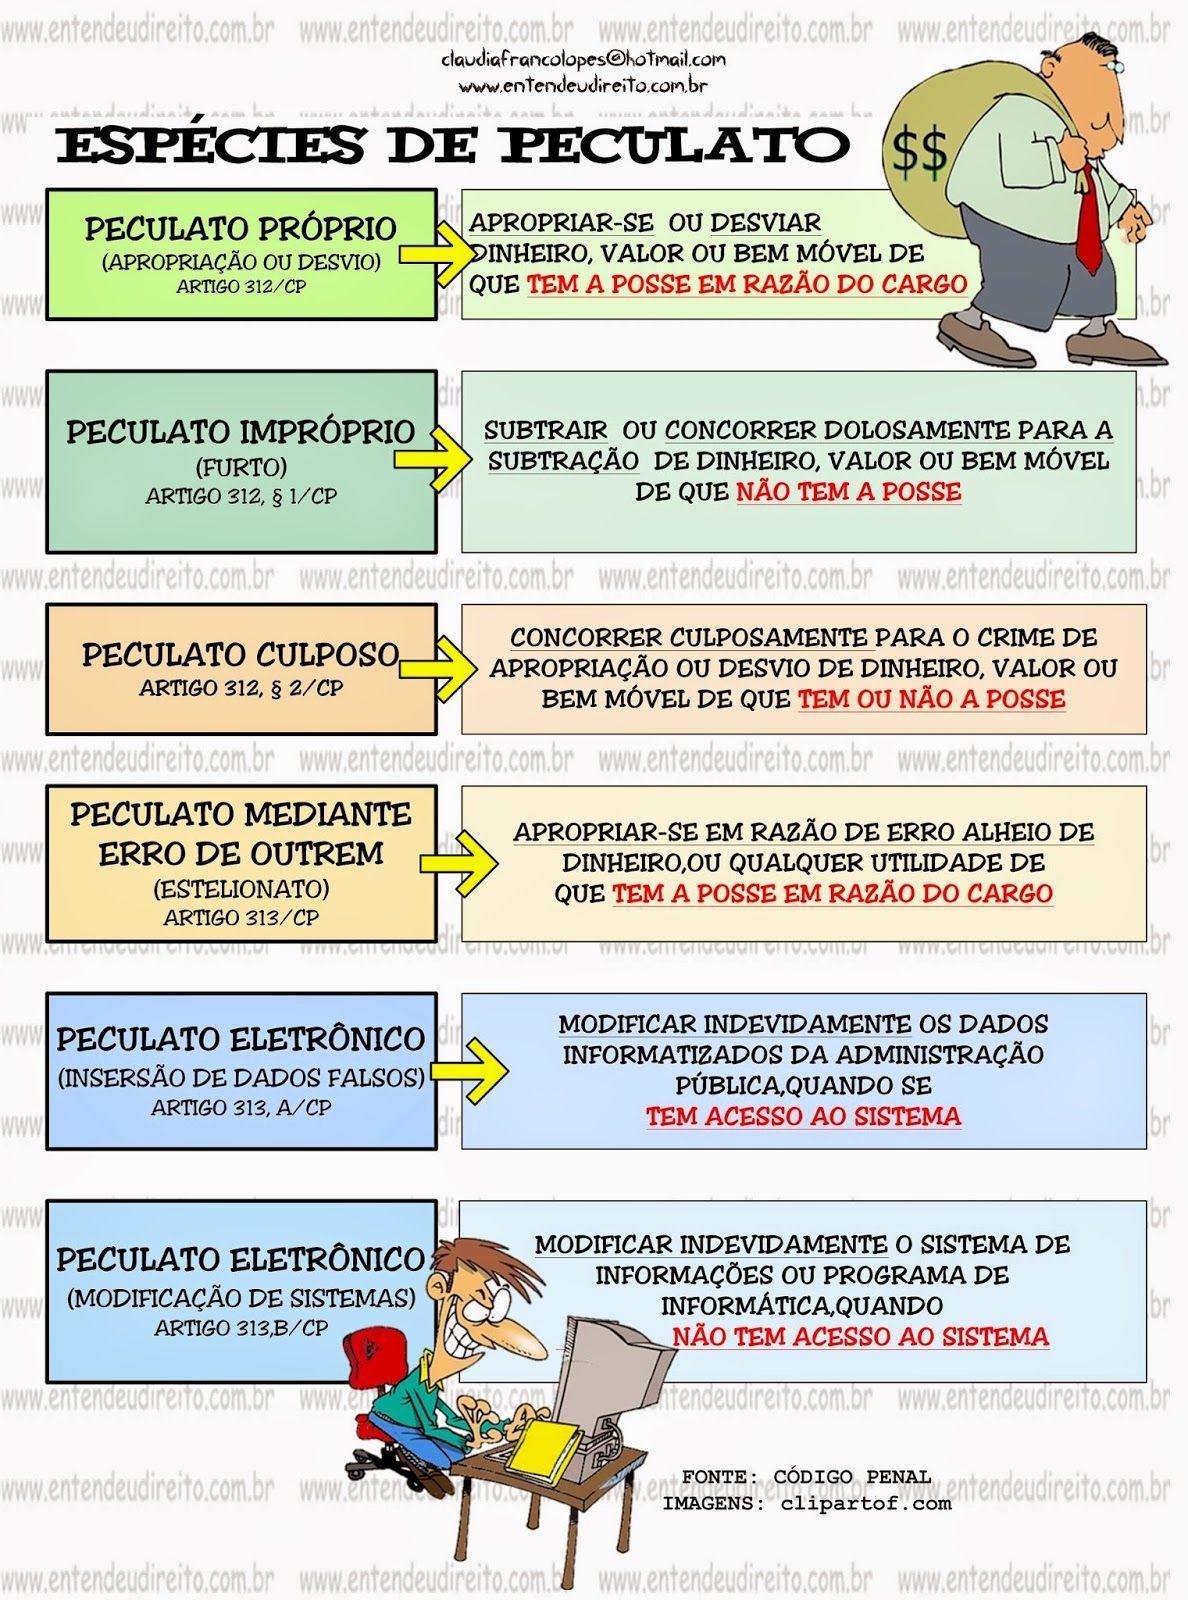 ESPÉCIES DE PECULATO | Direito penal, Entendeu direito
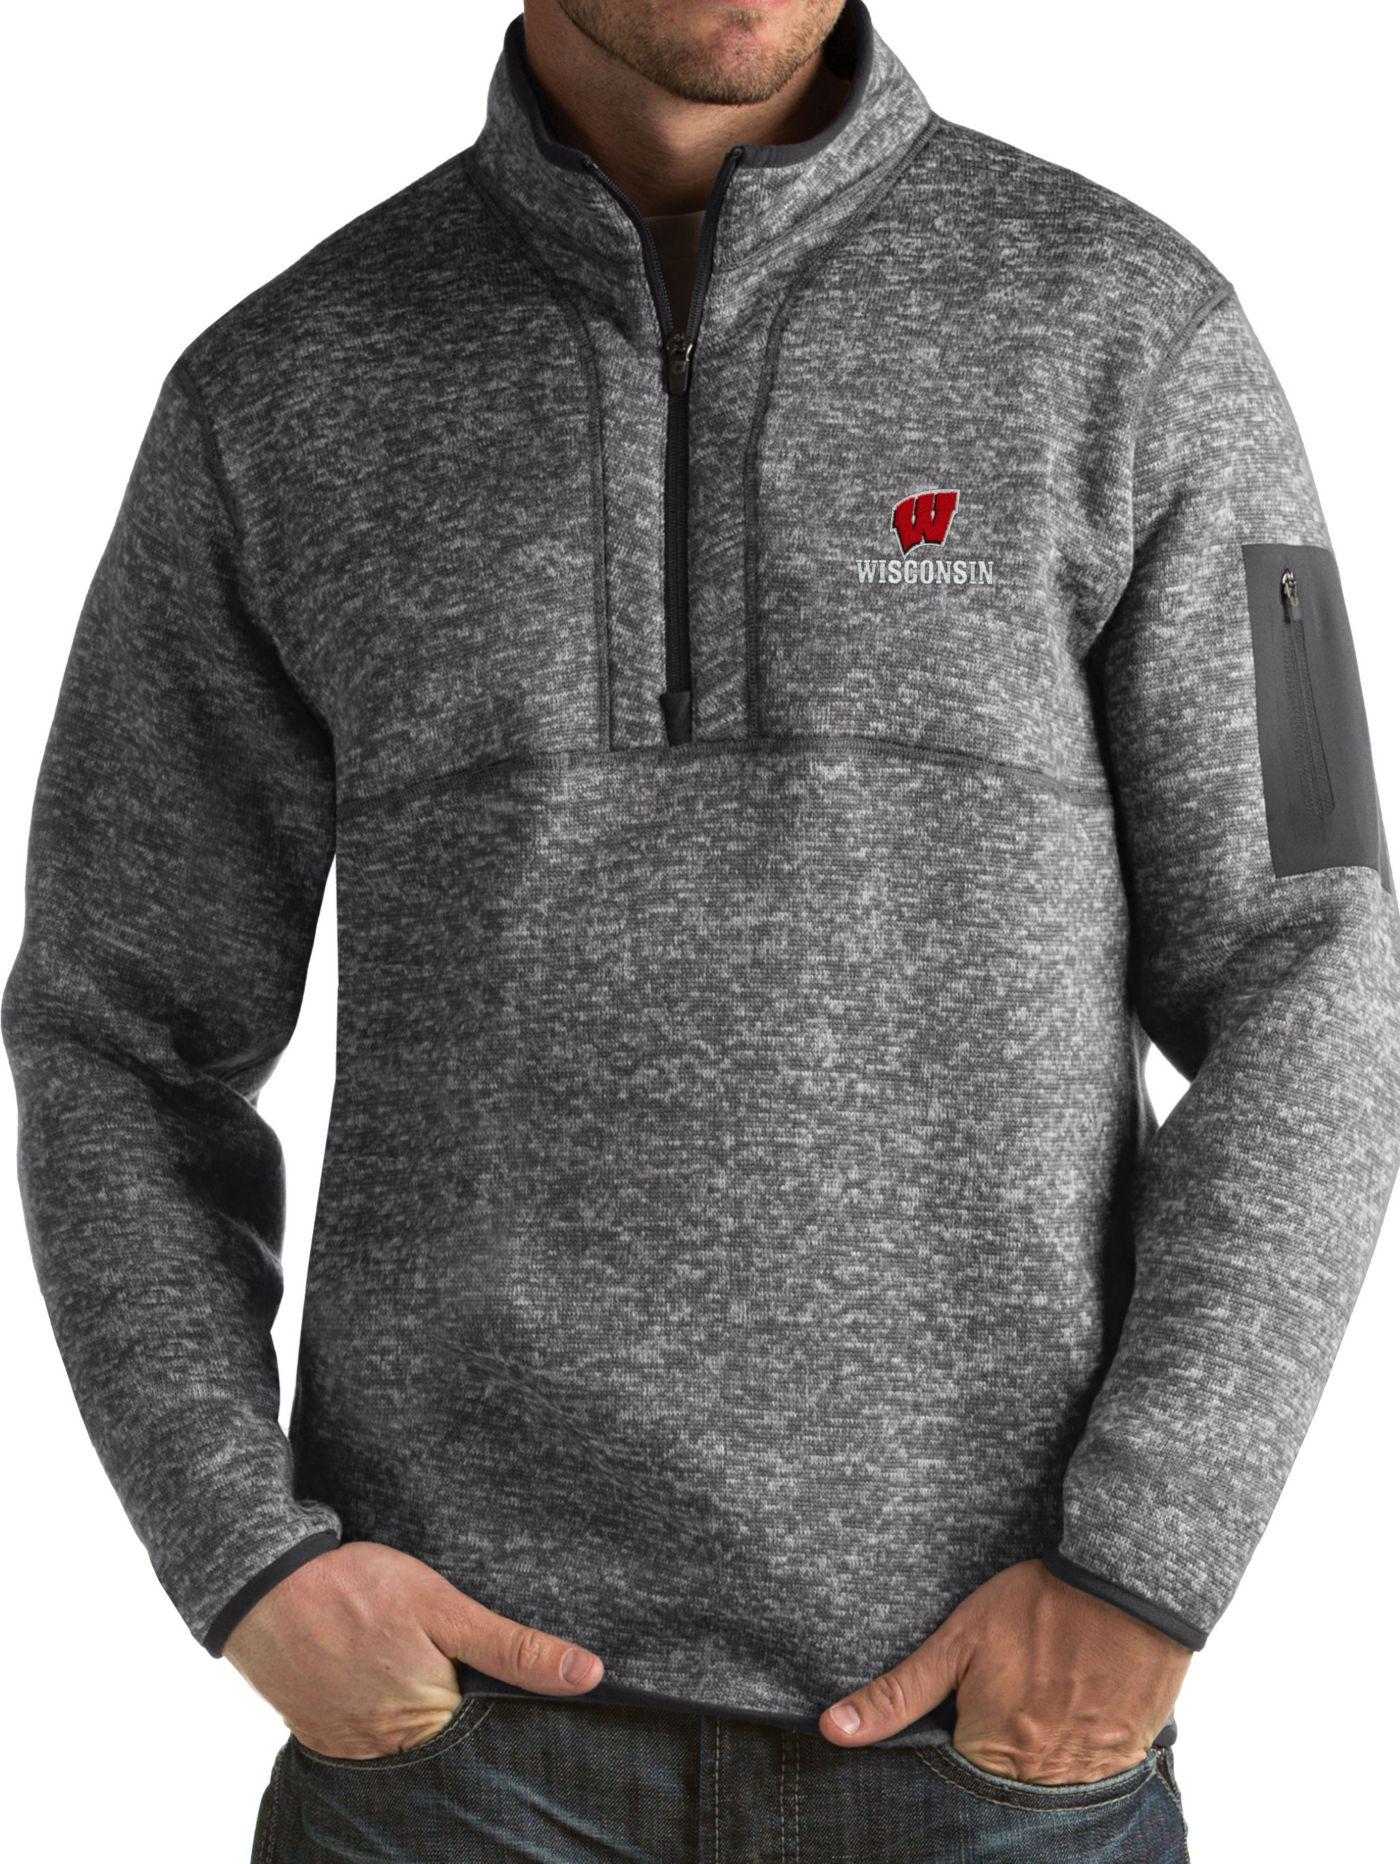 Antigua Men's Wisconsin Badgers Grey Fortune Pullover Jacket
...
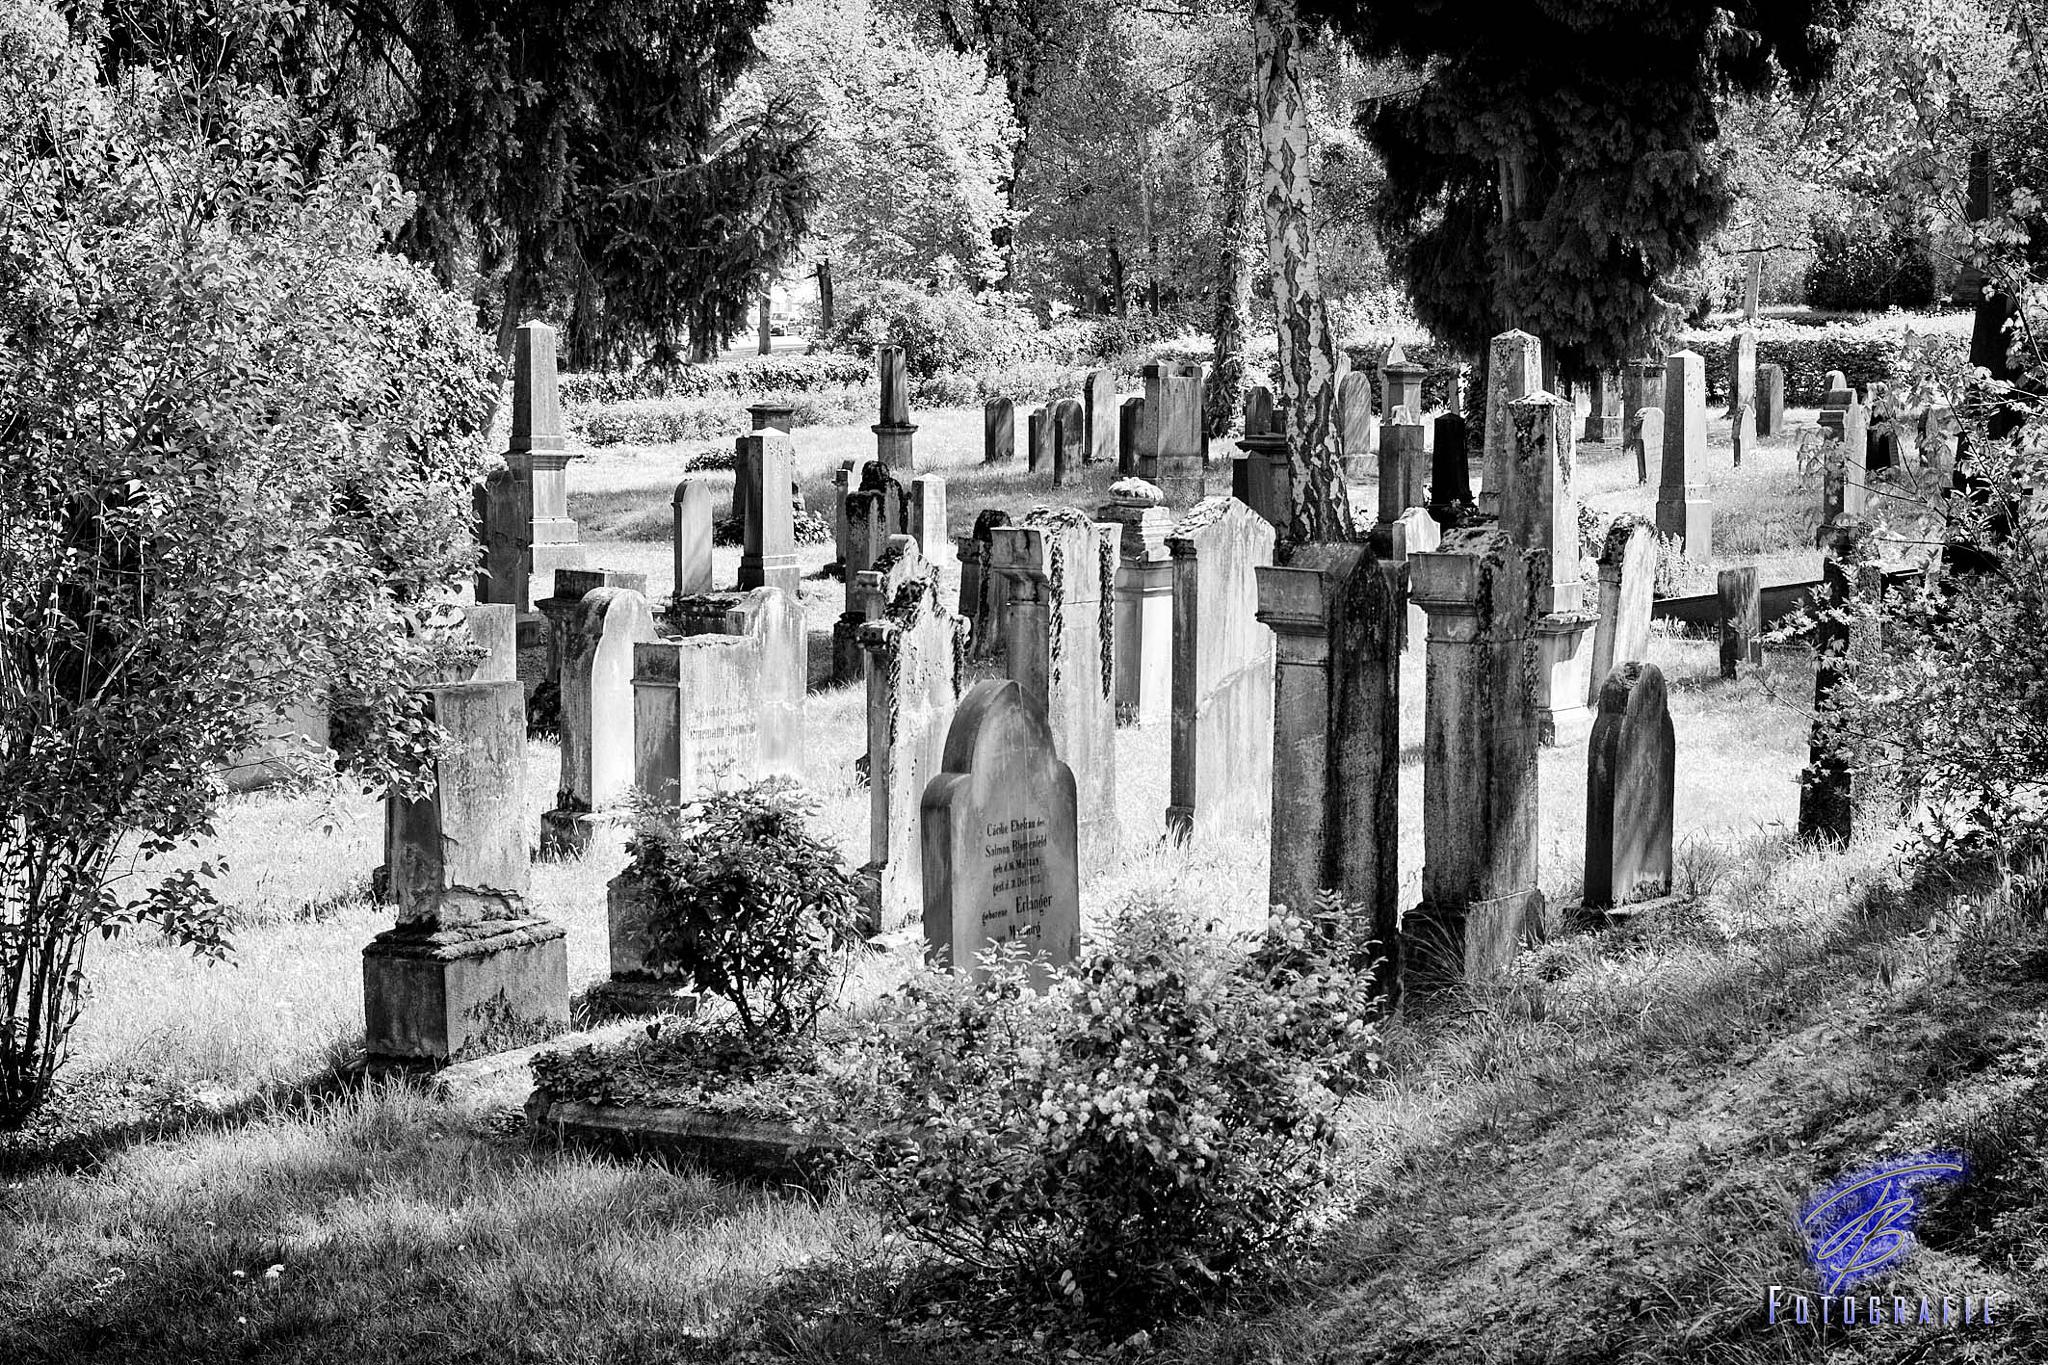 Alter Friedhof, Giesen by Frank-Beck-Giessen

* What is required
All that should be printed is the run of lines above from the one with "ESPÉCIES DE PECULATO" through the one with "Antigua Men's Wisconsin", both included, exactly as given, with pictures left out.

* Response below
 ESPÉCIES DE PECULATO | Direito penal, Entendeu direito
 Antigua Men's Wisconsin Badgers Grey Fortune Pullover Jacket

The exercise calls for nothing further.